• J Heart Valve Dis · Jan 2003

    Comparative Study

    Valve-preserving aortic root reconstruction: a comparison of techniques.

    • Harold M Burkhart, Kenton J Zehr, Hartzell V Schaff, Richard C Daly, Joseph A Dearani, and Thomas A Orszulak.
    • Division of Cardiovascular Surgery, Mayo Clinic and Mayo Foundation, Rochester, MN 55905, USA.
    • J Heart Valve Dis. 2003 Jan 1;12(1):62-7.
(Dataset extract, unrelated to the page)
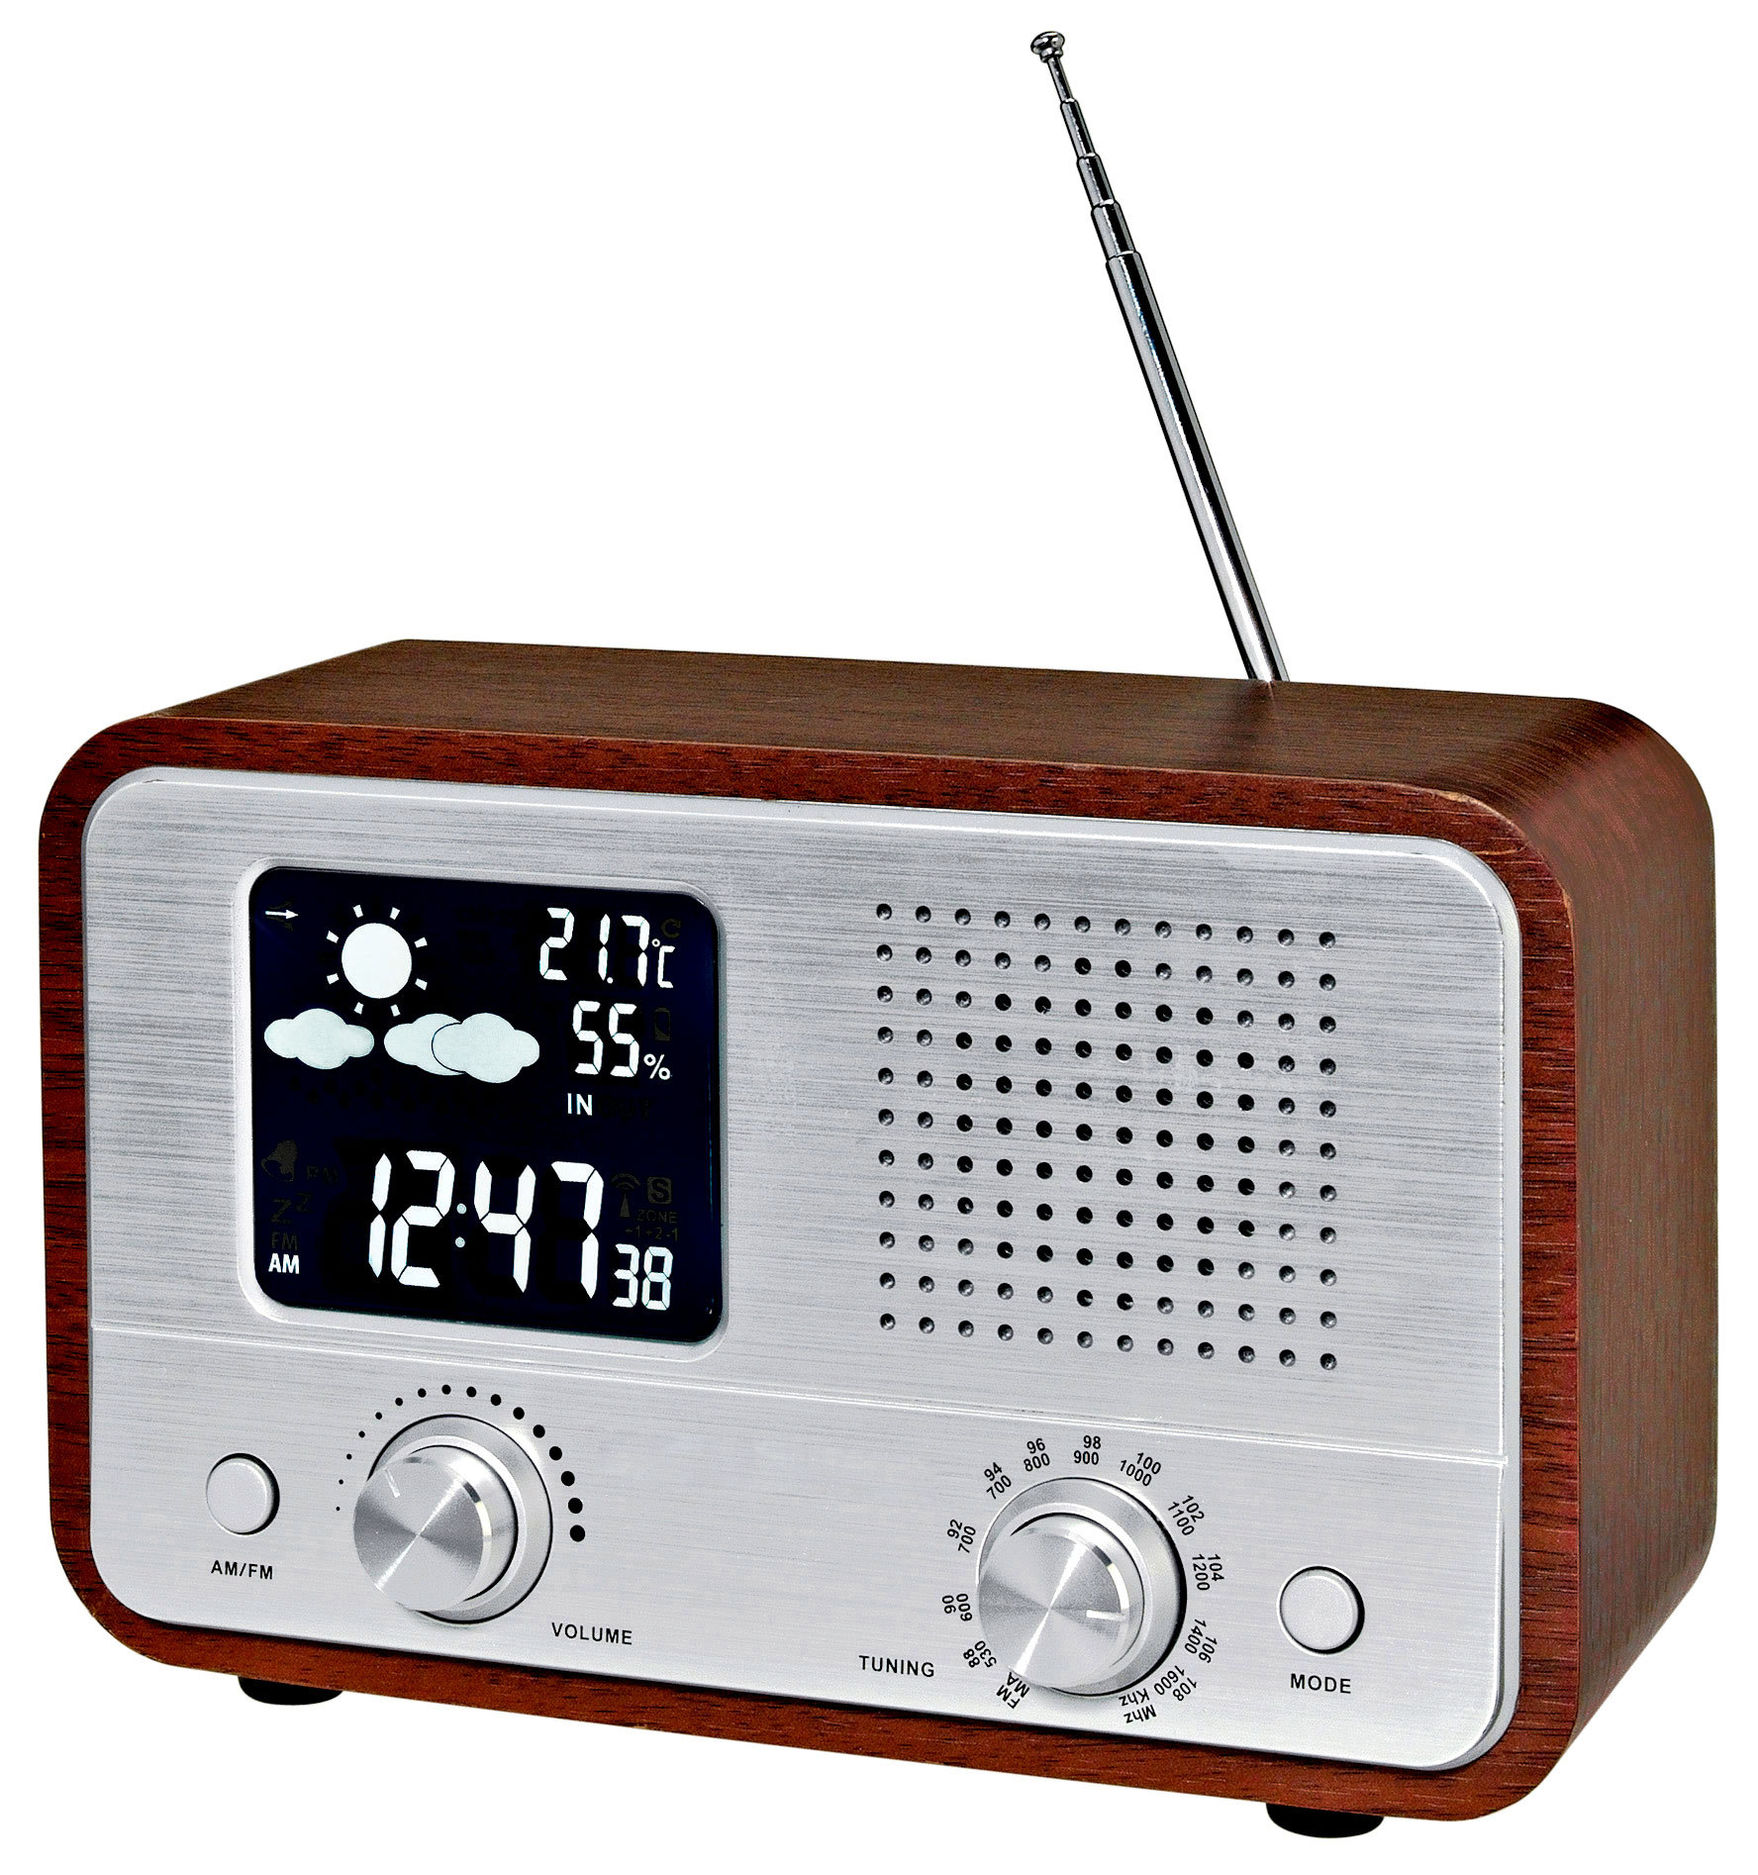 Nostalgie-Radio mit Wetterstation jetzt bei Weltbild.at bestellen

    Background And Aim Of The StudyControversy exists with regard to the indications and technique for valve-preserving aortic root reconstruction. Here, the authors' clinical experience with three techniques is reported.MethodsBetween October 1994 and October 2000, 71 patients (46 men, 25 women; median age 53 years; range: 21-81 years) underwent aortic root reconstruction with preservation of the aortic valve and replacement of ascending aorta. Factors that affected survival and need for subsequent aortic valve replacement were analyzed using univariate analysis.ResultsIndications for operation were chronic aneurysm in 65 patients, acute dissection in five, and chronic aneurysm with dissection in one patient. Forty patients were asymptomatic. Presenting symptoms included shortness of breath in 16 patients, chest pain in 14 and transient ischemic attacks in one patient. Twenty patients had Marfan syndrome. The reimplantation technique was performed in 52 patients, remodeling technique in 14, and remodeling with sinus graft root replacement technique in five. Postoperative echocardiography demonstrated absent to mild aortic insufficiency in 63 patients. Operative mortality was 2.8%. Actuarial survival was 84.1% at 5 years; freedom from reoperation was 88.8% and 78.9% at one and three years, respectively. Eleven patients (21.2%) repaired by the implantation technique required aortic valve replacement secondary to aortic valve insufficiency. By univariate analysis, the necessity of aortic cusp repair (p = 0.0009), aortic annulus size >25 mm (p = 0.04), and male gender (p = 0.04) were predictors for subsequent aortic valve replacement.ConclusionAortic valve-preserving surgery is possible with a low morbidity and mortality. The authors' experience shows a high failure rate in males with a large annulus needing aortic cusp repair and undergoing the reimplantation technique.